Employer’s Guide to Type 1
Editor’s Note: This content is a part of Beyond Type 1’s guidebook, which includes guides for everyone who has a Type 1 in their life. Check out the rest of our customized guides for the different people in your life here!
You may or may not have a general idea about Type 1 diabetes. Clear your assumptions and check out our basic guides on what exactly T1D is. This knowledge will help you to better understand your employee’s needs. Type 1 diabetes can affect an individual in many different ways, so be sure to keep the line of communication open with your employee.
What is Type 1 diabetes?
Type 1 diabetes is an autoimmune disease that occurs when a person’s own immune system destroys the insulin-producing cells in their pancreas. People with Type 1 are insulin-dependent for life, and must manually give themselves insulin through multiple daily injections or an insulin pump. They must carefully balance insulin, food, exercise, and other factors in order to prevent or minimize serious short and long-term complications due to out of range blood sugar levels.
If you have not heard much about Type 1, here are some fast facts –
- T1D is not caused by a lack of exercise or eating too much sugar
- T1D is not contagious
- There is no cure for T1D at the present moment
- Although T1D has also been called “juvenile diabetes,” T1D affects both children and adults
If we are ever passed out or unconscious, immediately call emergency services and react to the situation as if we were “having a low” or experiencing severe hypoglycemia.
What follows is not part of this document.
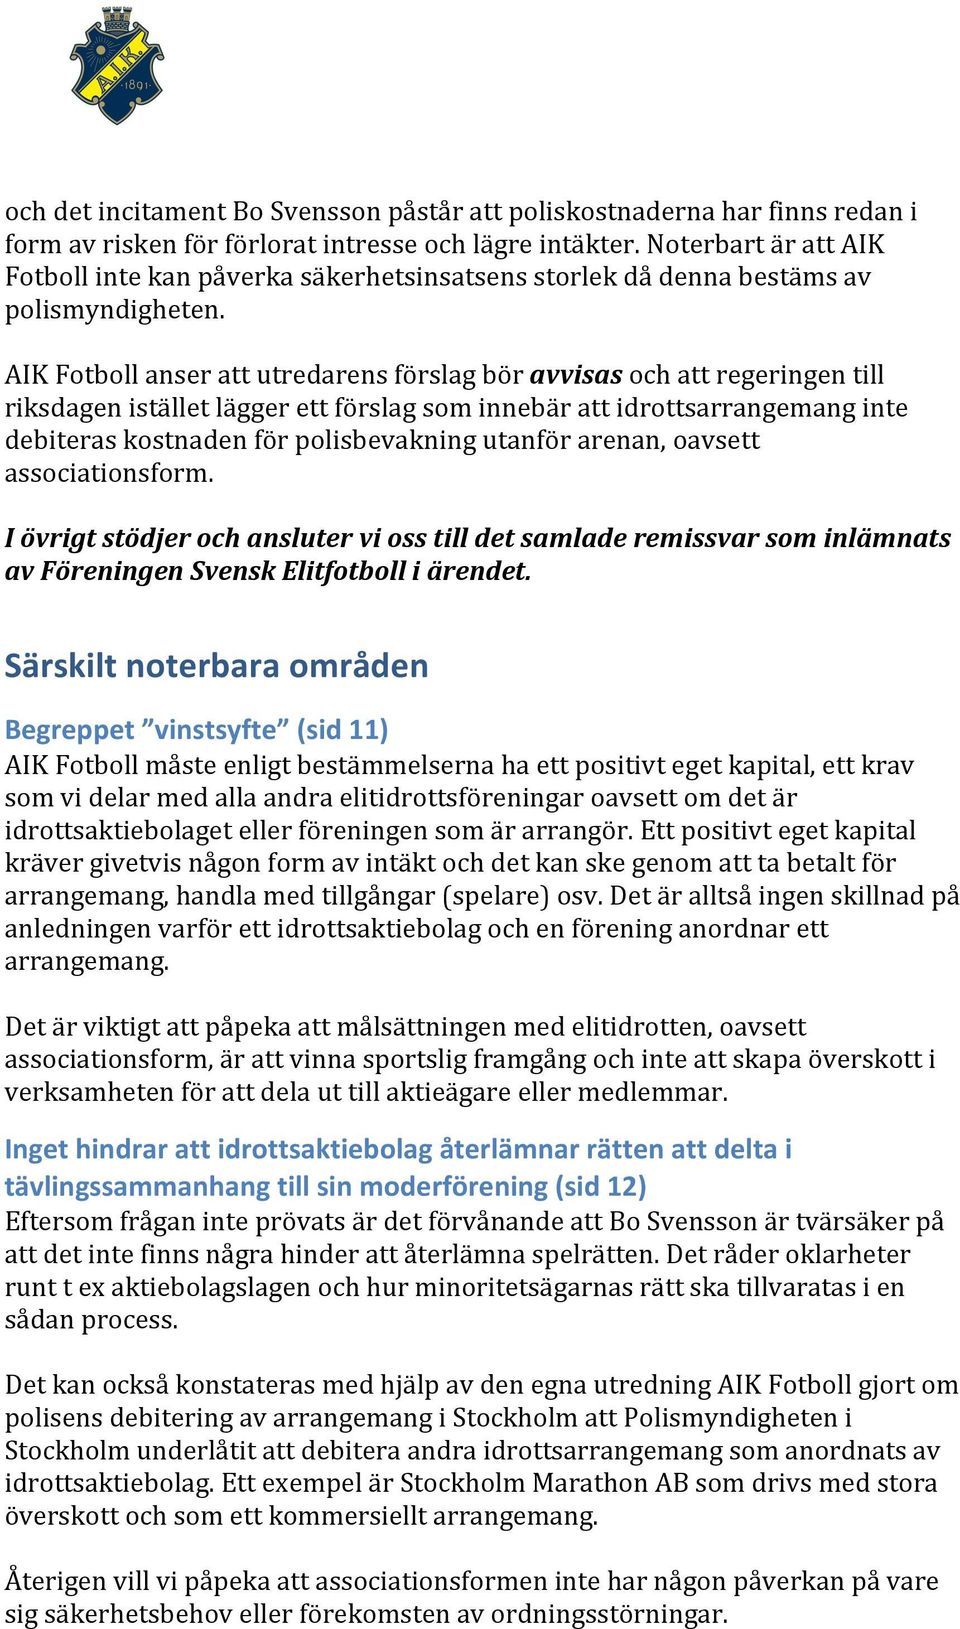 AIK Fotboll anser att utredarens förslag bör avvisas och att regeringen till riksdagen istället lägger ett förslag som innebär att idrottsarrangemang inte debiteras kostnaden för polisbevakning

If we are unconscious, you may have to administer emergency glucagon.
If we are conscious, fast-acting glucose needs to be taken immediately. This means juice boxes, candy, glucose tablets, or any other sugary food or drink that can be consumed easily.
T1D is considered a disability, and is protected under United States law. Therefore, you cannot discriminate against your employee for their Type 1 by any of the following:
- fail to hire or promote an employee because of Type 1
- terminate someone because of Type 1, unless they pose a direct threat
- discriminate with regard to employer-provided health insurance
Make Reasonable Accommodations
If an applicant voluntarily tells you that he or she has diabetes, you only may ask two questions: whether he or she needs reasonable accommodations and what type of accommodation. You are also required to provide your employee with these reasonable accommodations that will help them perform the essential functions of the job. Generally, accommodations for those with Type 1 are easy, inexpensive and helpful. This is another conversation that is helpful to have with your employee to make sure that you understand the circumstances.
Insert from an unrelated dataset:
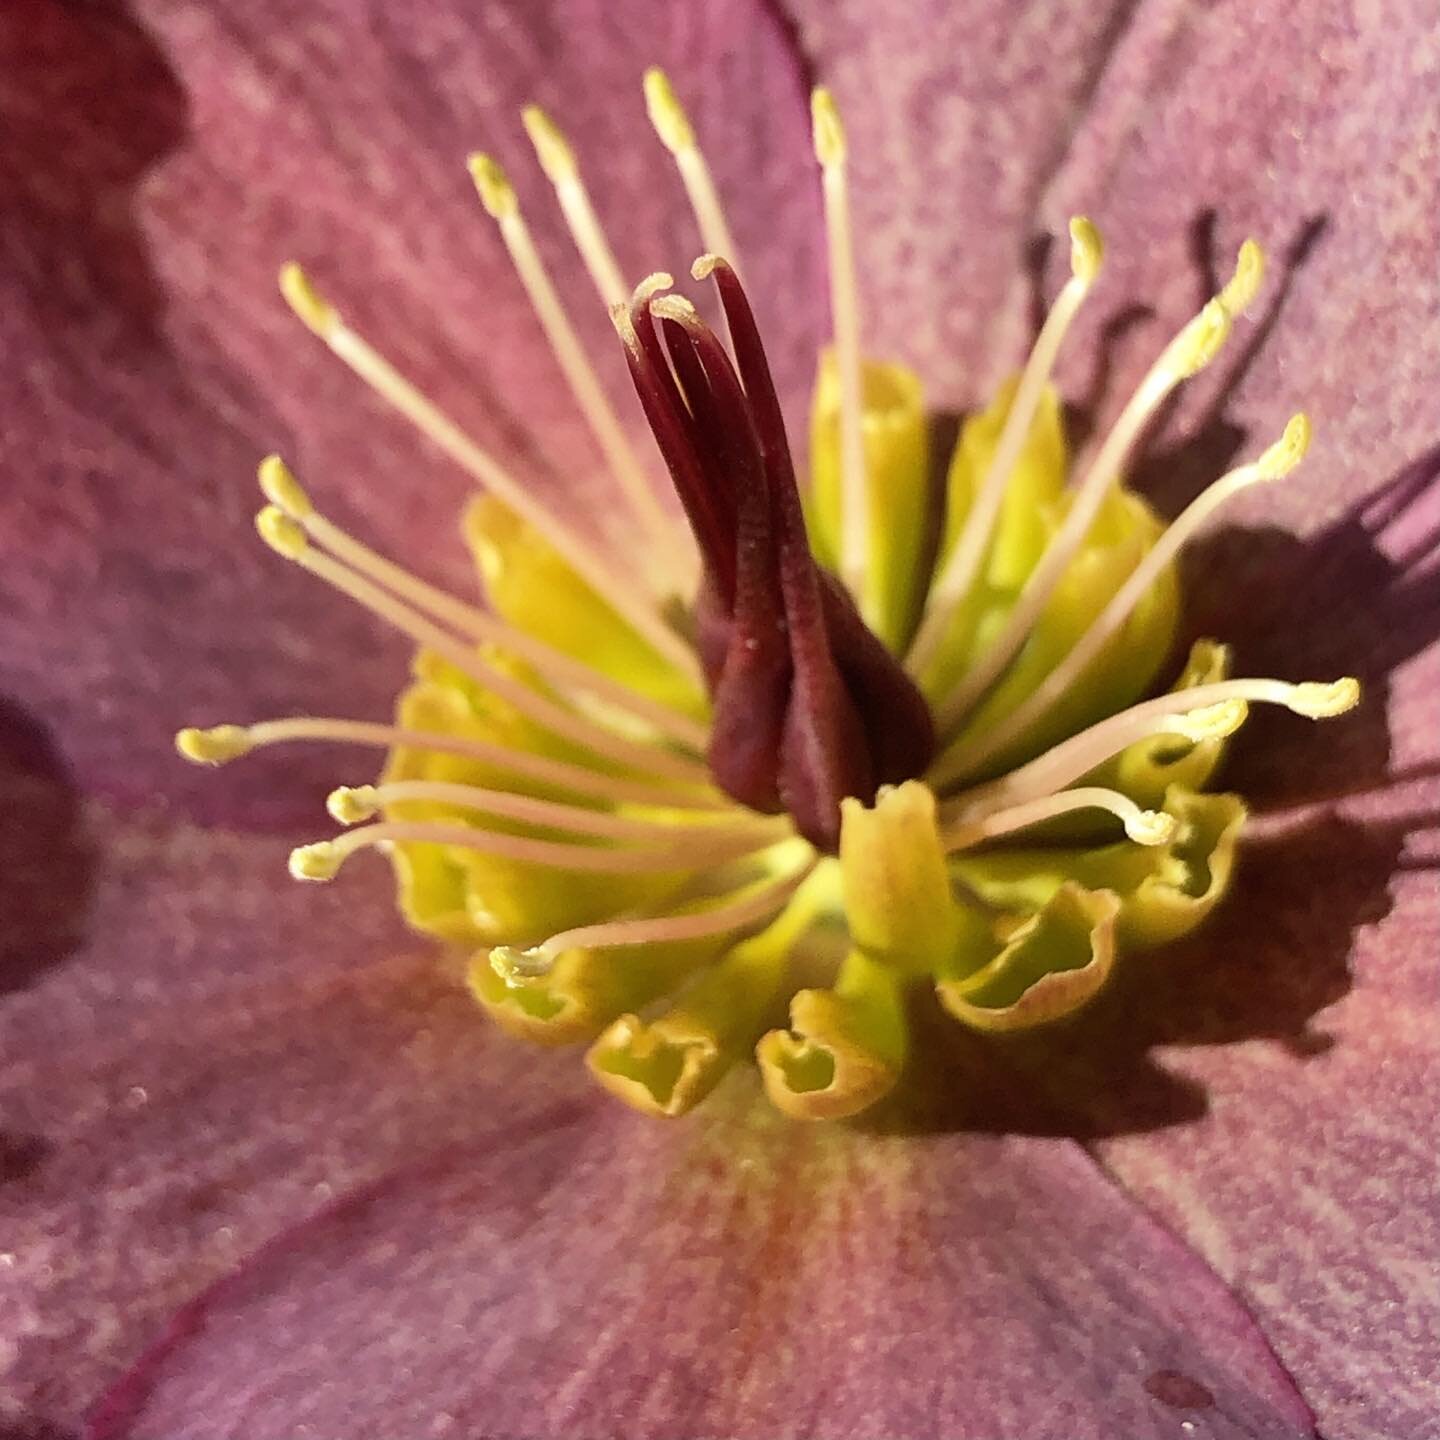 #spring #macro #flower #macrophotography #macroflower

Reasonable accommodations can include:
- Daily diabetes management needs, (such as managing blood sugar levels)
- Taking the necessary insulin
- Treating any hypoglycemic or hyperglycemic episodes
Your T1D employee has a right to take medical leave due to any T1D complications. The Family and Medical Leave Act requires most private employers with over 50 employees and most government employers to provide up to 12 weeks of leave per year because of the worker’s, or an immediate family member’s serious health condition.
This leave can be flexible. For example, you can split up the leave into small blocks of time to deal with short-term problems such as managing blood glucose levels or doctor’s appointments.
As the employer, you do have certain rights to protect yourself. If you have a legitimate reason to believe that diabetes may be affecting an employee’s ability to do their job, you may ask questions or require the employee to have a medical examination.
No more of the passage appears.